Cette difficulté à accorder ses violons au niveau européen n'est pas une surprise. En France, les syndicats ne sont déjà pas tous sur la même longueur d'onde. Sur la pertinence de la fusion elle même, tout d'adord. La CGT s'y oppose clairement. "Nous sommes hostiles à ce projet. A travers cette fusion, on ne développe rien. Ni les emplois, ni les technologies, ni les territoires. On s'accapare juste une activité pour être plus gros alors qu'EADS n'a pas de problèmes financiers", estime Jean-Jacques Desvignes, coordinateur EADS pour la CGT. La CFE-CGC conditionne son soutien: "Ce qui est important c'est que les intérets stratégiques de l'Etat français soient préservés. Si cette opération structure l'Europe de la défense et renforce l'emploi, cela va dans le bon sens", indique Bernard Valette, de la CFE-CGC.

De même, sur la gouvernance du futur géant, les points de vue divergent. "Avec 9% du capital, l'Etat français ne pourra pas peser sur les décisions. Une action préferentielle pourrait peut-être être plus efficace", estime Bernard Valette. La CFDT hésite : "Nous n'avons pas tranché sur la question de la gouvernance.
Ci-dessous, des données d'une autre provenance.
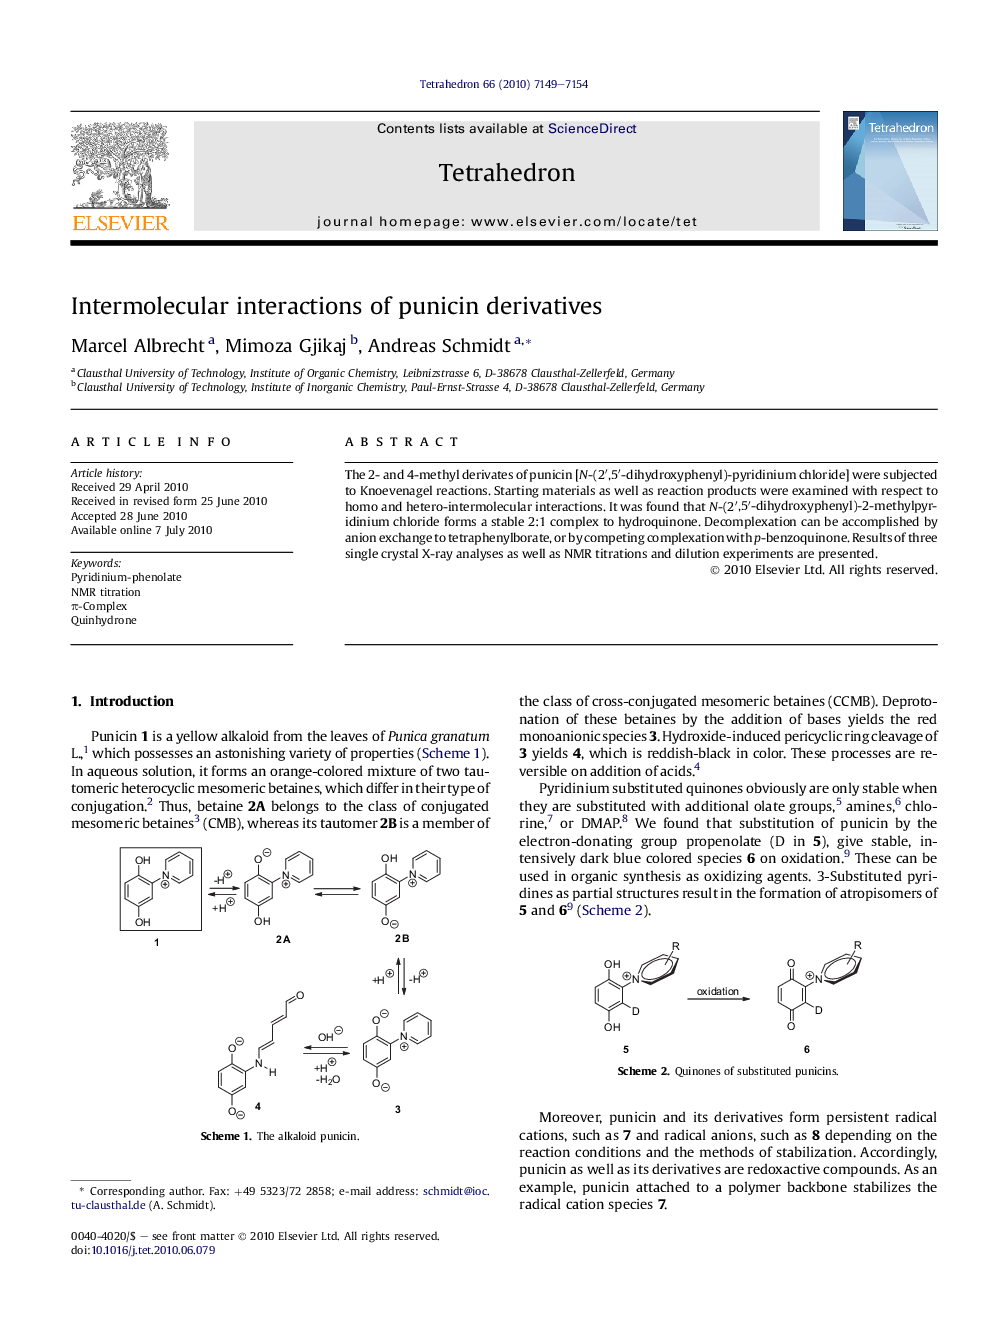 Intermolecular interactions of punicin derivatives

Ce qui est sûr, c'est que sans les Etats allemand et français, il n'y aurait eu ni EADS, ni Airbus", souligne Didier Hacquart, de la CFDT. La CGT milite pour un rôle prépondérant des Etats. "Il doit y avoir une forte présence publique pour donner l'impulsion. Les industries stratégiques comme la Défense, le spatial et l'aéronautique doivent être pilotées par des visions politiques", soutien Jean-Jacques Desvignes.

Une prochaine réunion interne des syndicats du comité européen est prévu le 9 octobre, soit une journée avant l'ultimatum fixé par l'autorité des marchés boursiers britannique à EADS et BAE pour présenter leur projet. Si l'Europe de la défense reste à construire, celle des syndicats également.